Provided data ->

========

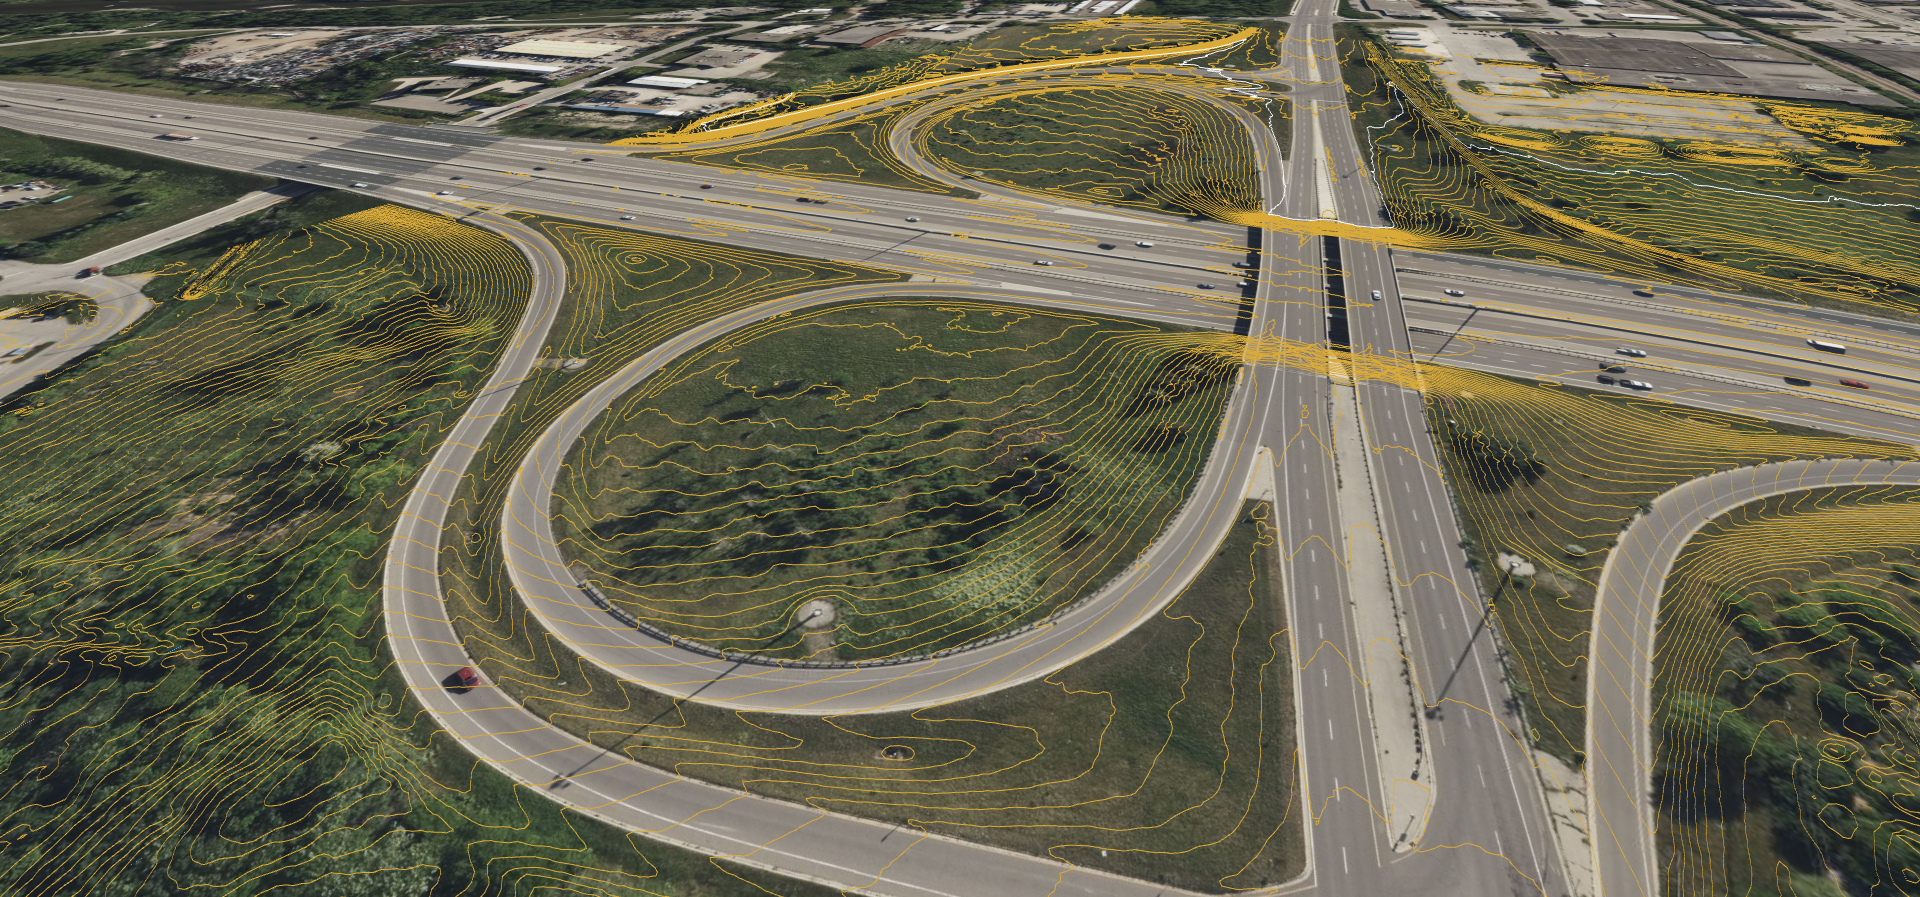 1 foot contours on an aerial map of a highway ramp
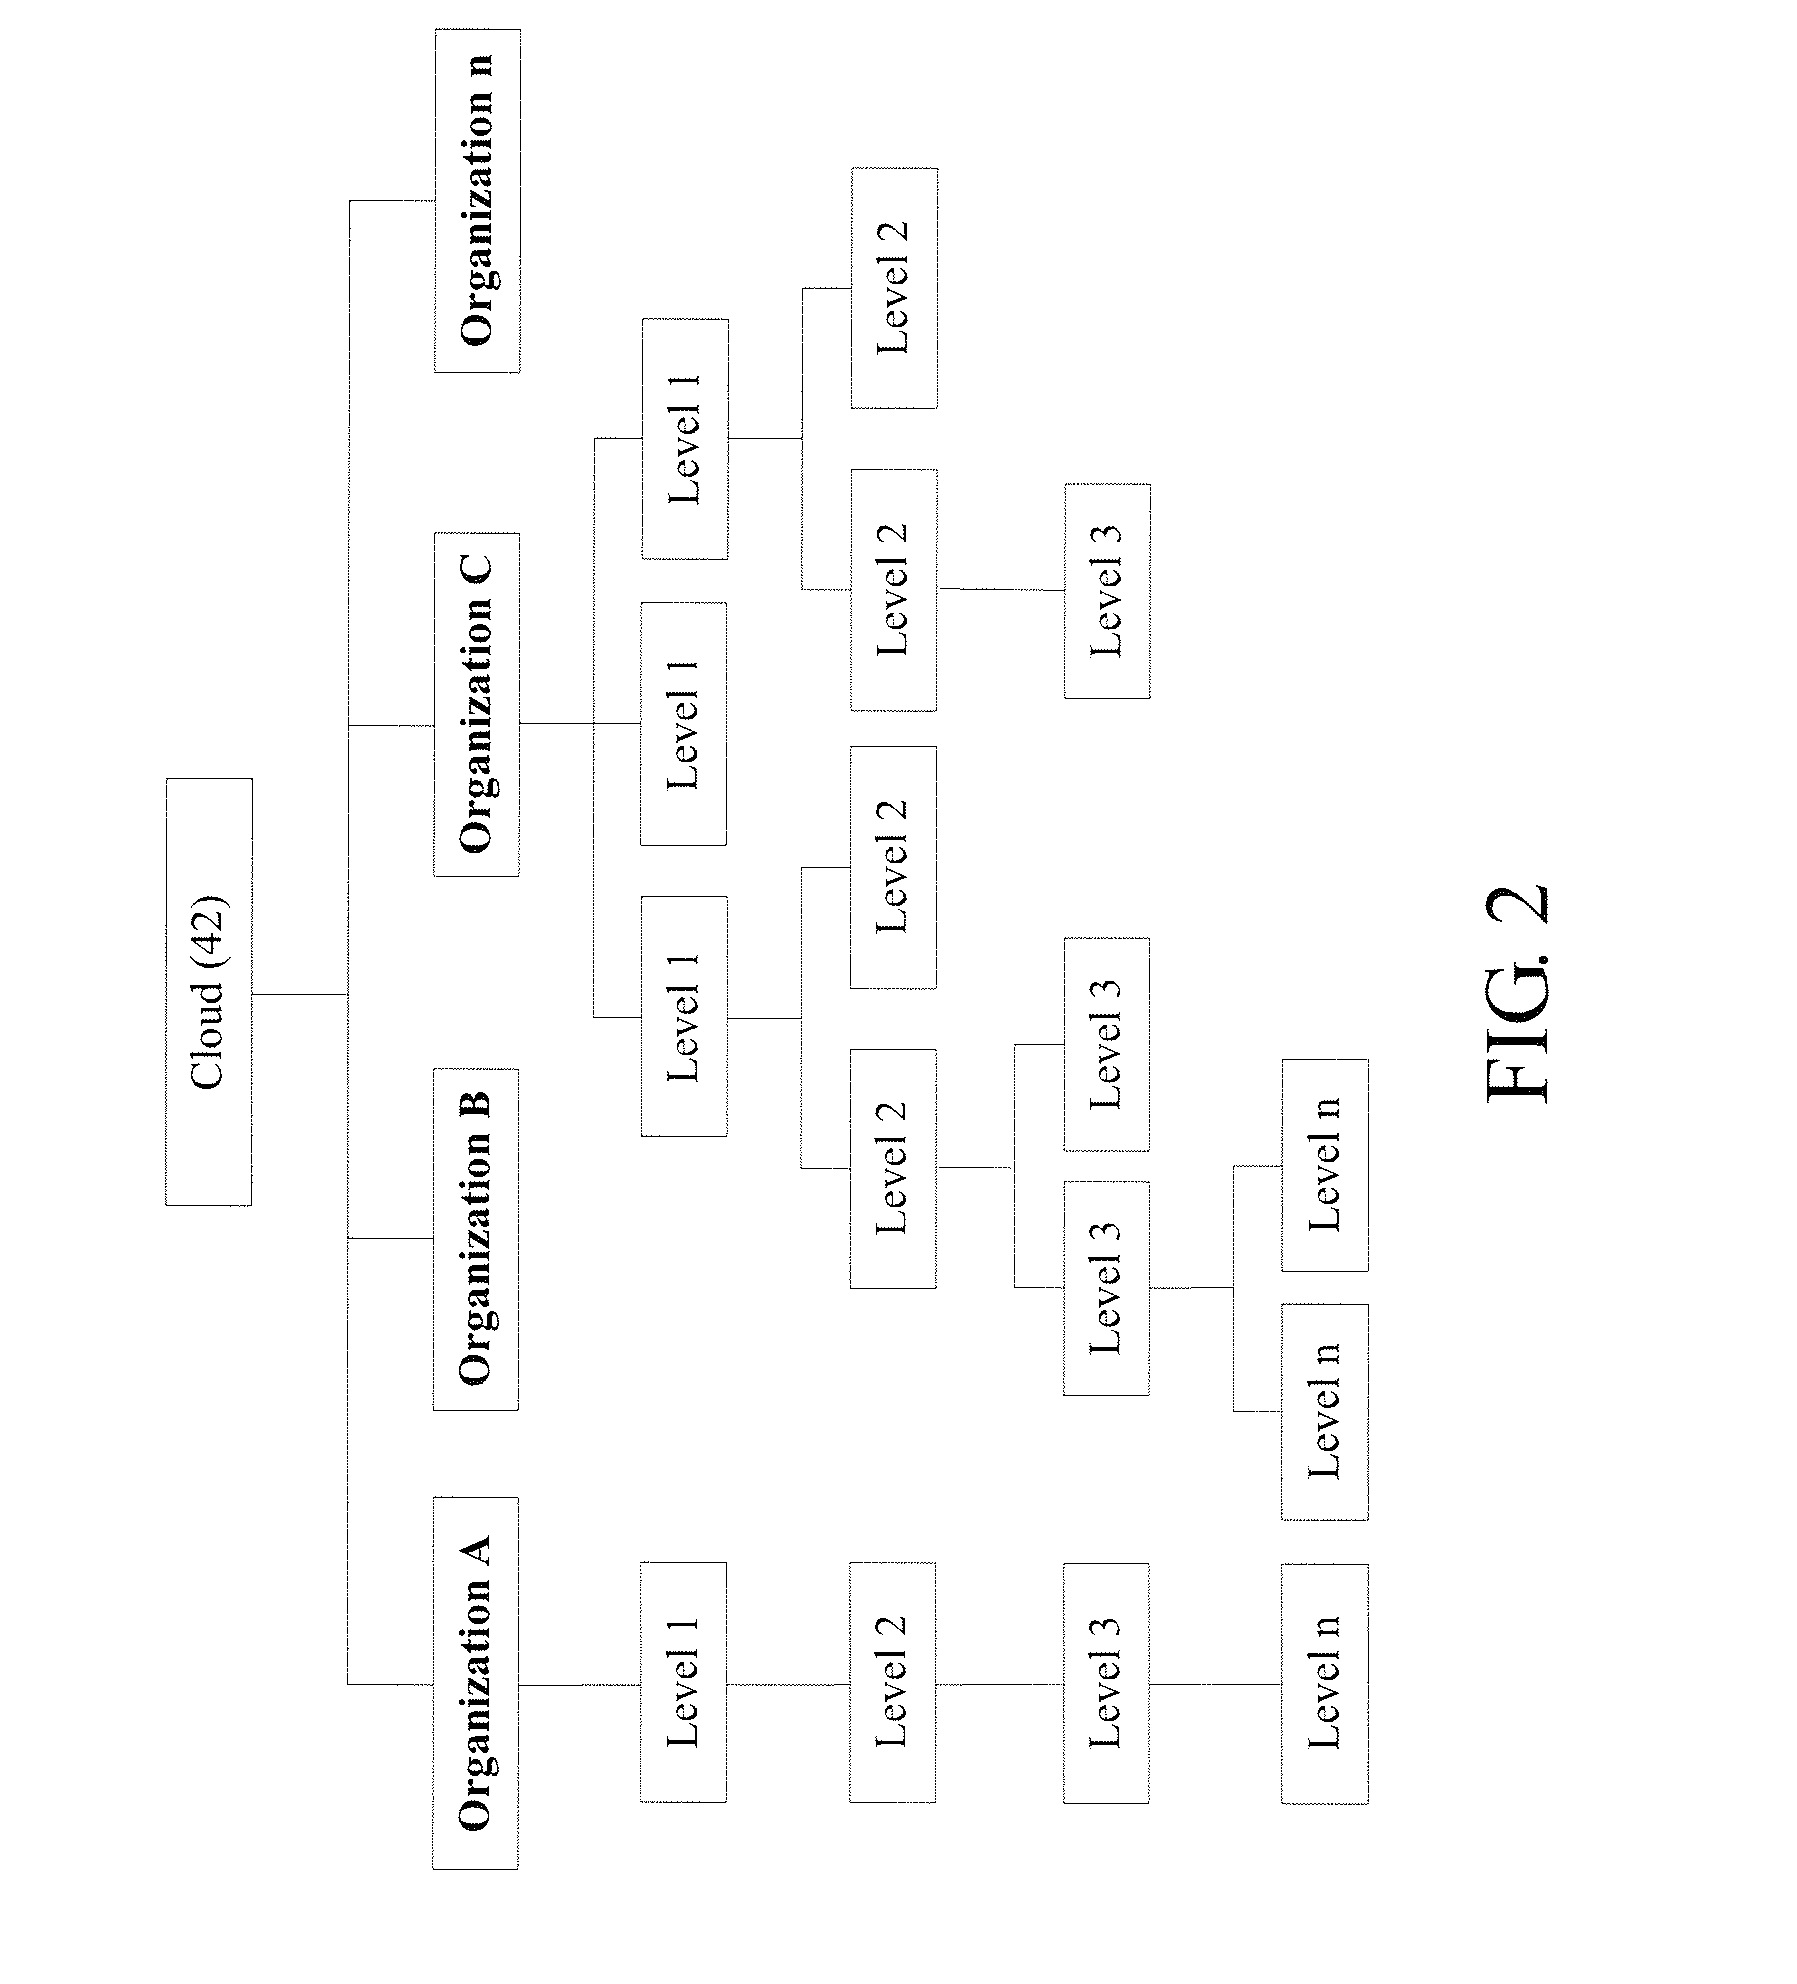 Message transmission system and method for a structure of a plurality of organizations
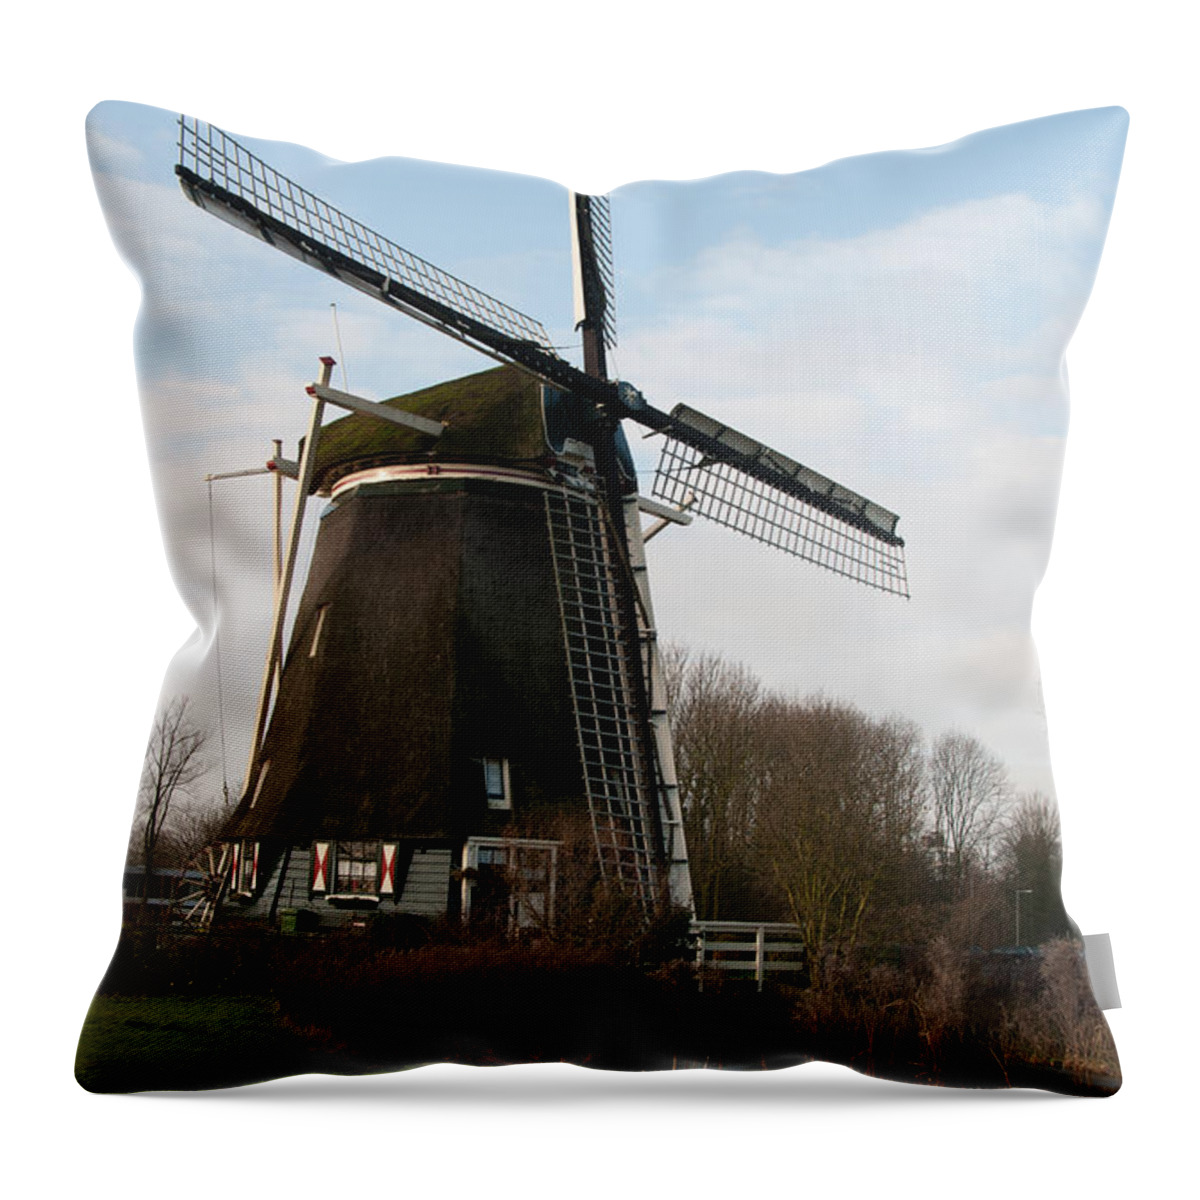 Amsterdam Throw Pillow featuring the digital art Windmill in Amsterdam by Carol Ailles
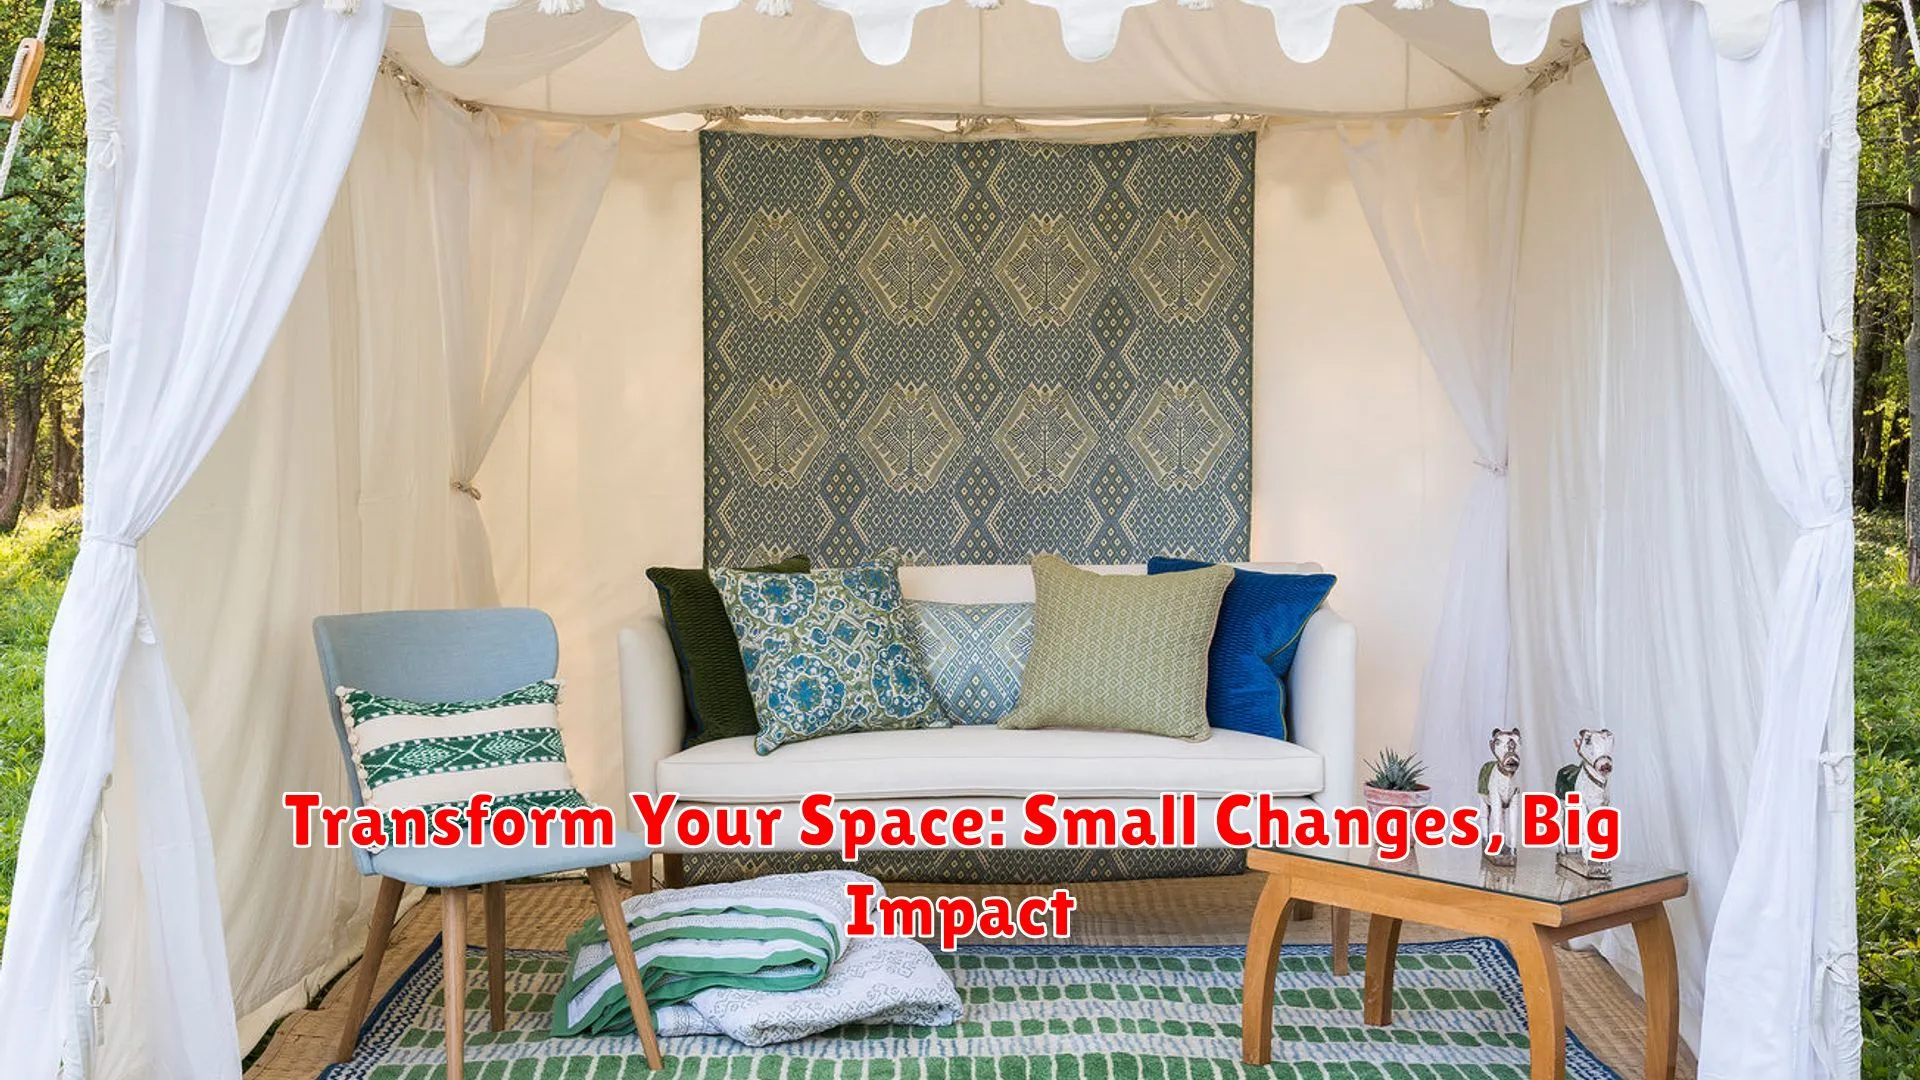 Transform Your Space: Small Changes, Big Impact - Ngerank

========

What the task requires -> Copy the entire listing exactly but skip the pictures.

Answer space ->
 1 foot contours on an aerial map of a highway ramp
 Message transmission system and method for a structure of a plurality of organizations
 Amsterdam Throw Pillow featuring the digital art Windmill in Amsterdam by Carol Ailles
 Transform Your Space: Small Changes, Big Impact - Ngerank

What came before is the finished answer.